Добавить в цитаты Настройки чтения

Страница 9 из 19



Эпизод 8

Железнодорожный переезд у моста Алнабрю, 1 ноября 1999 года

Серая птица то пропадала, то вновь появлялась в поле зрения Харри. Поверх мушки «смит-вессона» 38-го калибра он смотрел на неподвижную спину за стеклом. Палец лежал на курке. Вчера кто-то по телевизору рассказывал о том, как медленно может тянуться время.

«Гудок, Эллен. Нажми на чертов гудок, это же агент Секретной службы».

Время тянулось медленно. Как в новогоднюю ночь перед тем, как пробьет двенадцать.

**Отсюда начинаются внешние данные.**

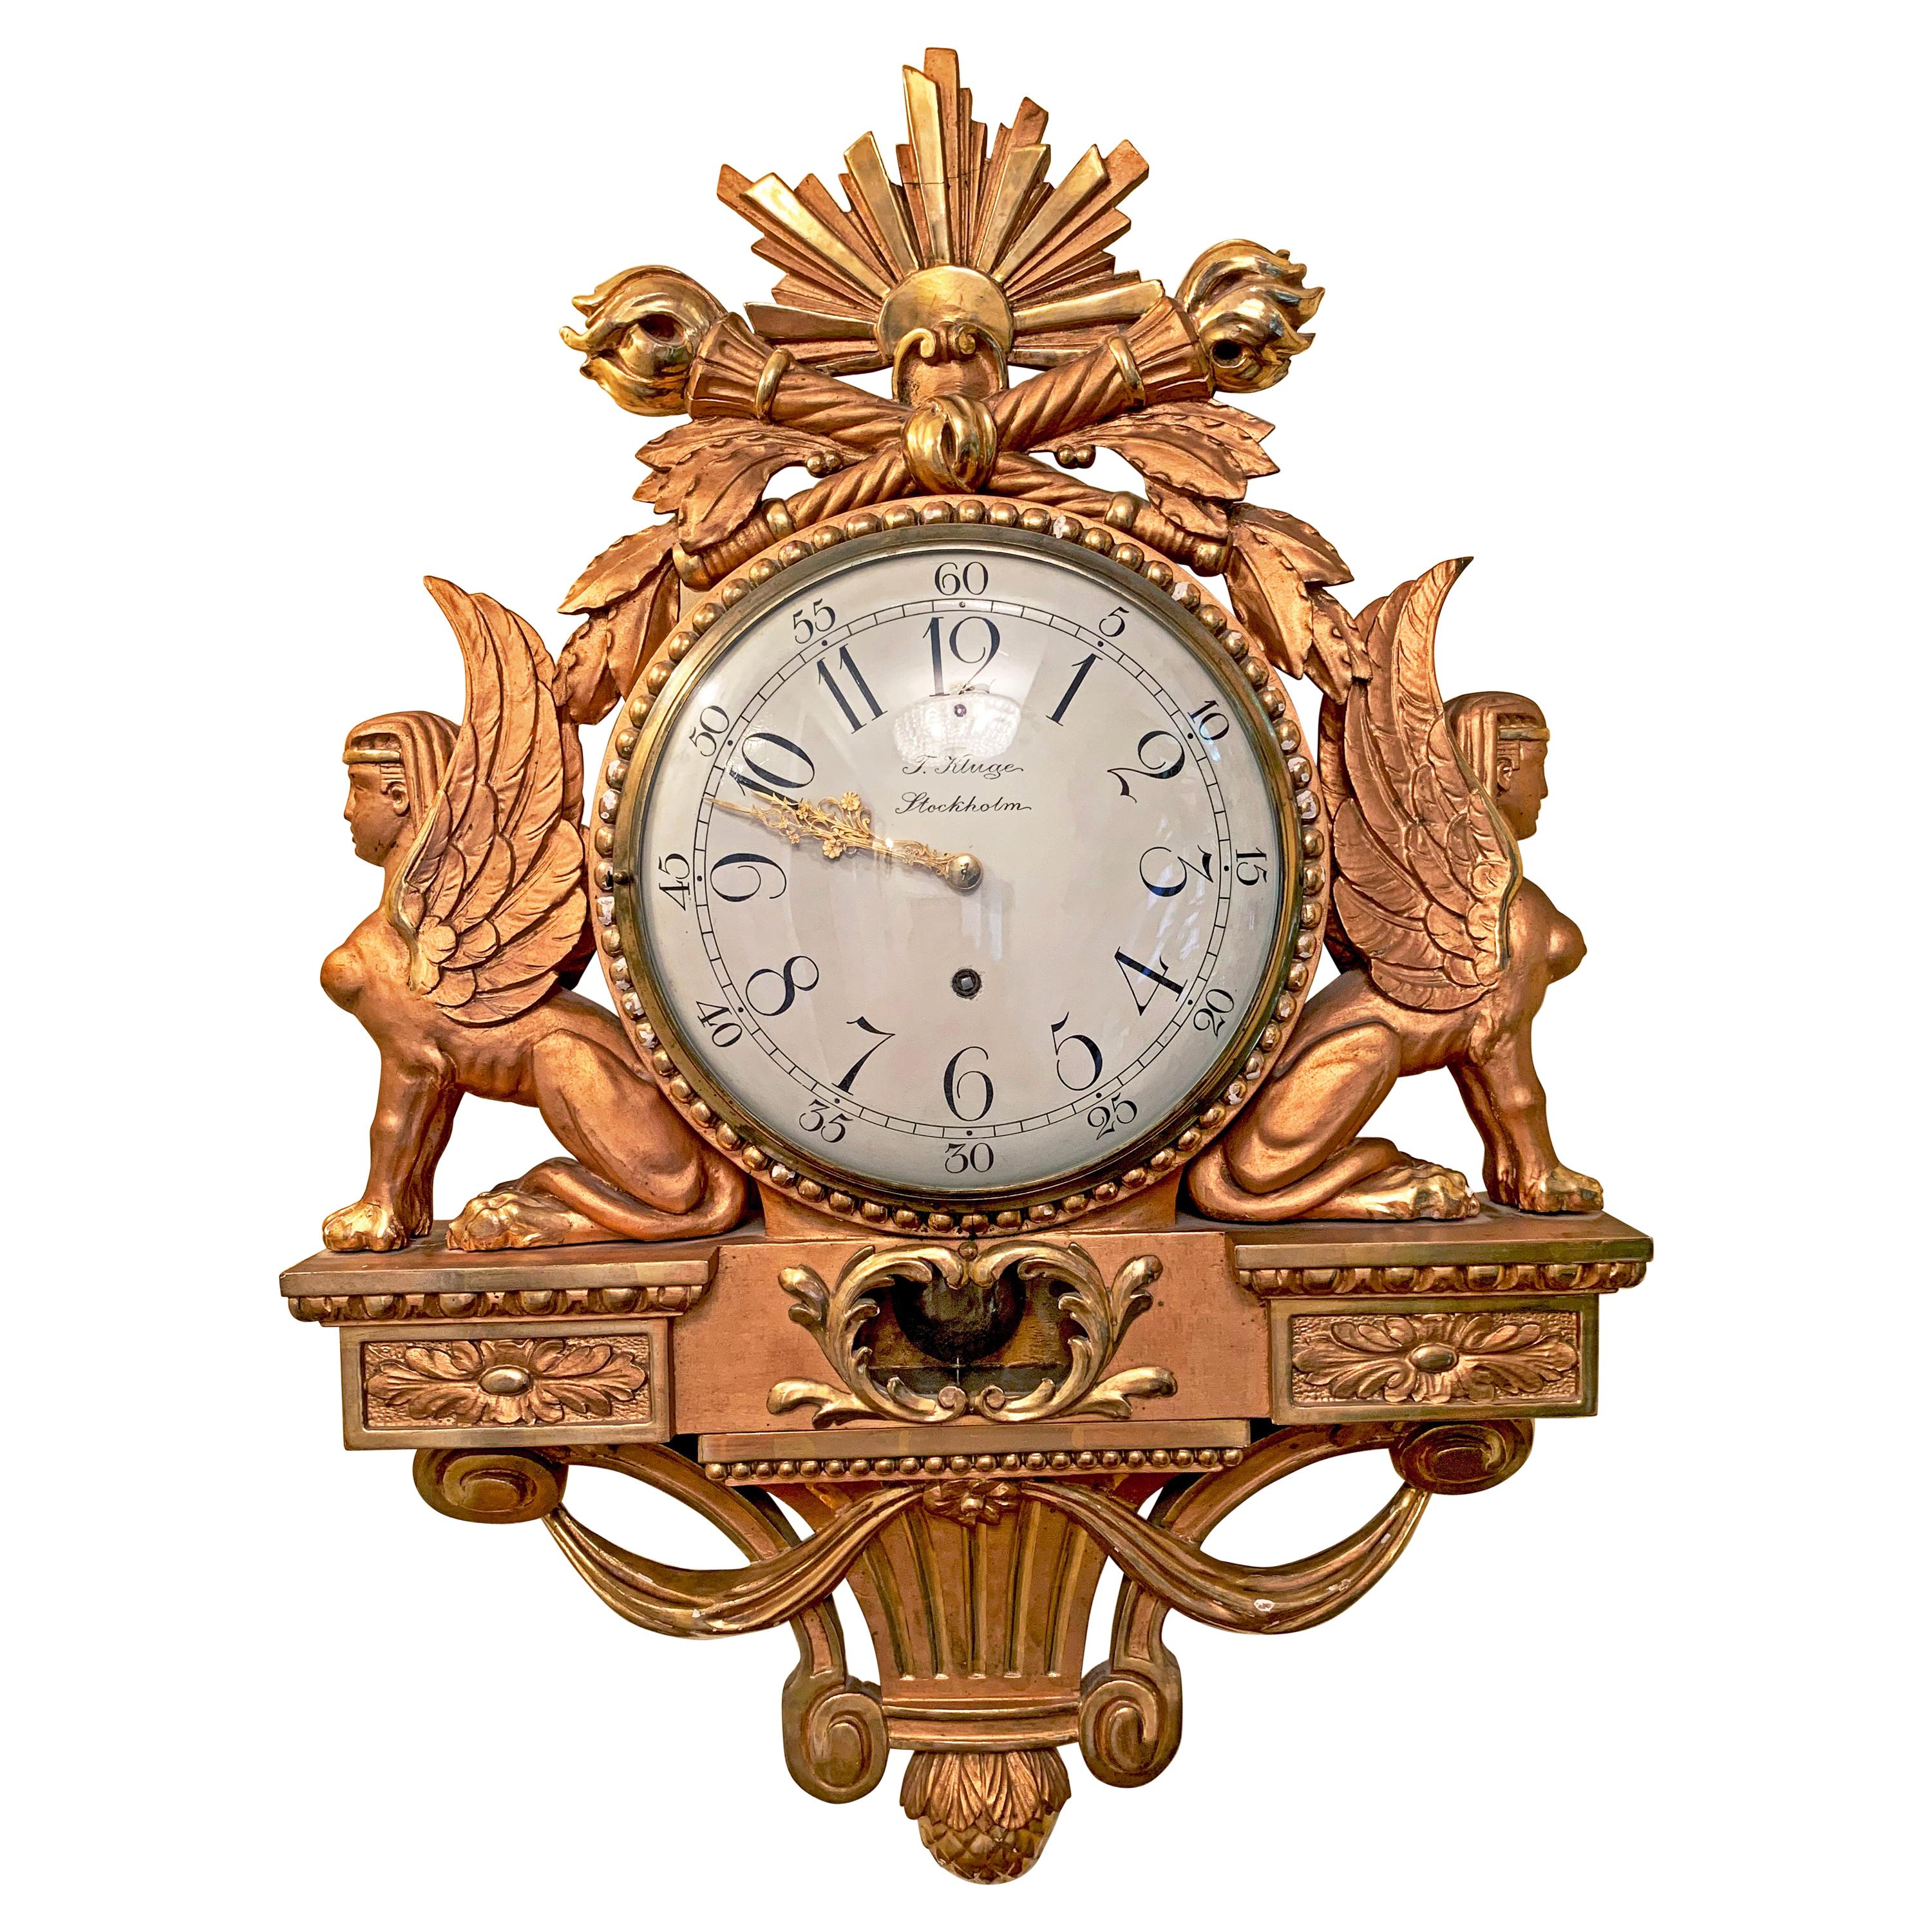 19th Century Empire Clock Gold T Kluge Stockholm with Sphinxes on Each Side For Sale

Первый мотоцикл поравнялся с билетной кассой, а краешком глаза Харри все еще видел красношейку, превратившуюся в маленькое пятнышко. Время на электрическом стуле перед поворотом рубильника.

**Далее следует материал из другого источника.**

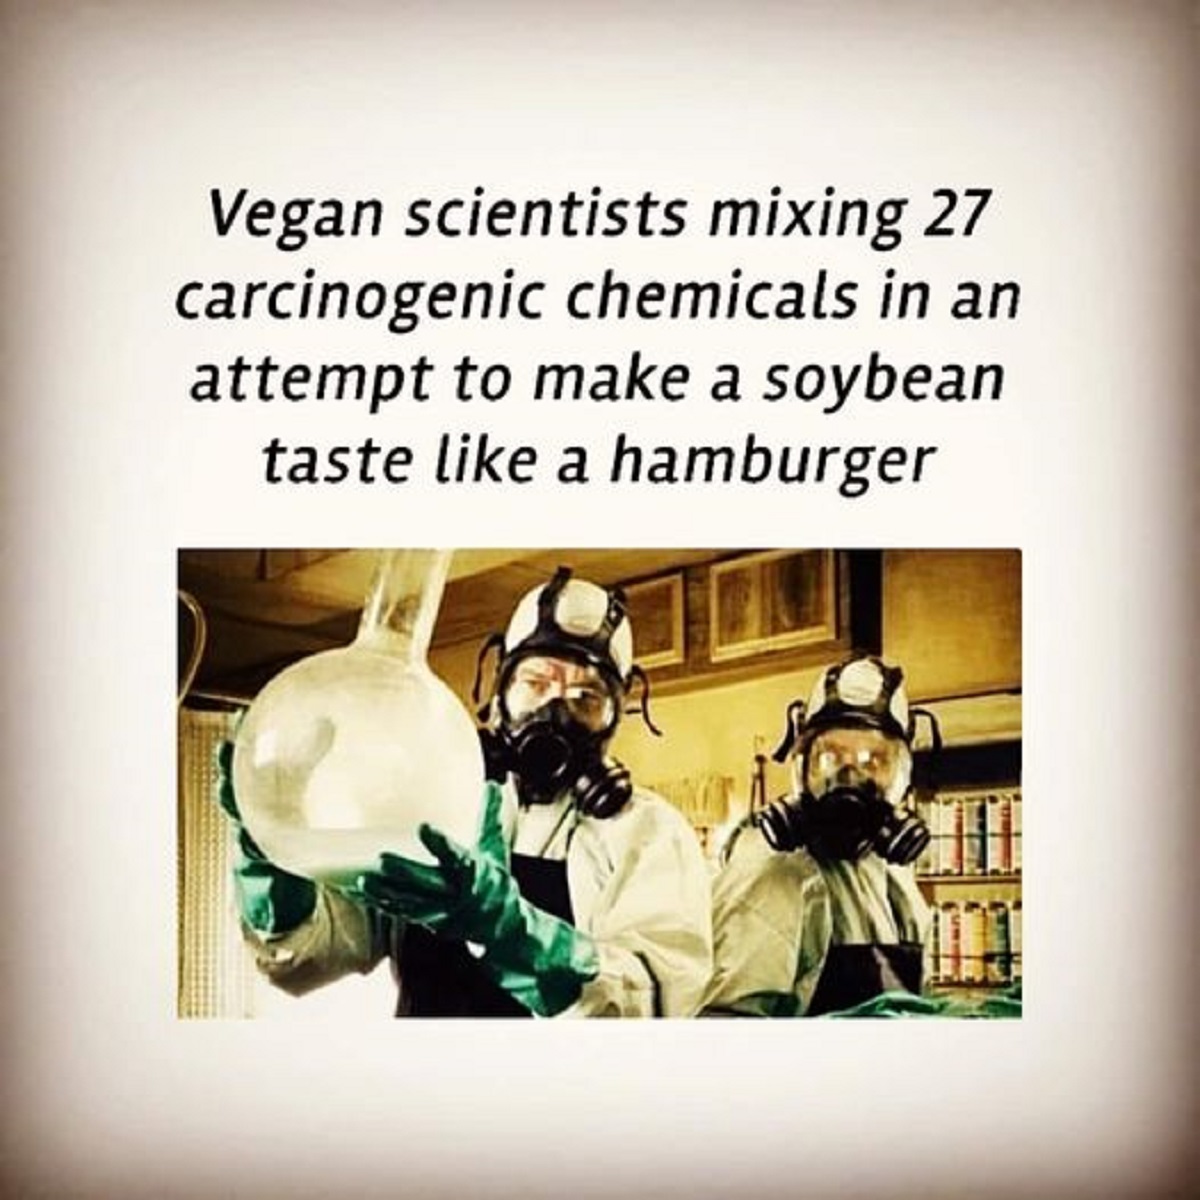 photo caption - Vegan scientists mixing 27 carcinogenic chemicals in an attempt to make a soybean taste a hamburger Wat

Харри до отказа надавил на курок. Раз, другой, третий.

И время рванулось и помчалось до боли стремительно. Темное стекло на мгновение побелело и посыпалось на асфальт дождем осколков, и Харри успел увидеть исчезающую за окном руку. А потом послышался шелестящий шум дорогих американских автомобилей — и умолк.

Харри смотрел на окошко кассы. Желтые листья, поднятые кортежем, все еще кружили в воздухе и падали на грязную серую траву. Он смотрел на окошко кассы. Снова стало тихо, и на какое-то мгновение он подумал, что находится на самом обычном в Норвегии переезде, что вокруг — самый обычный осенний день, что там, вдалеке, — самая обычная станция техобслуживания. И даже в воздухе пахло обычной утренней прохладой, отсыревшей листвой и выхлопными газами. И это потрясло его: может, ничего и не было?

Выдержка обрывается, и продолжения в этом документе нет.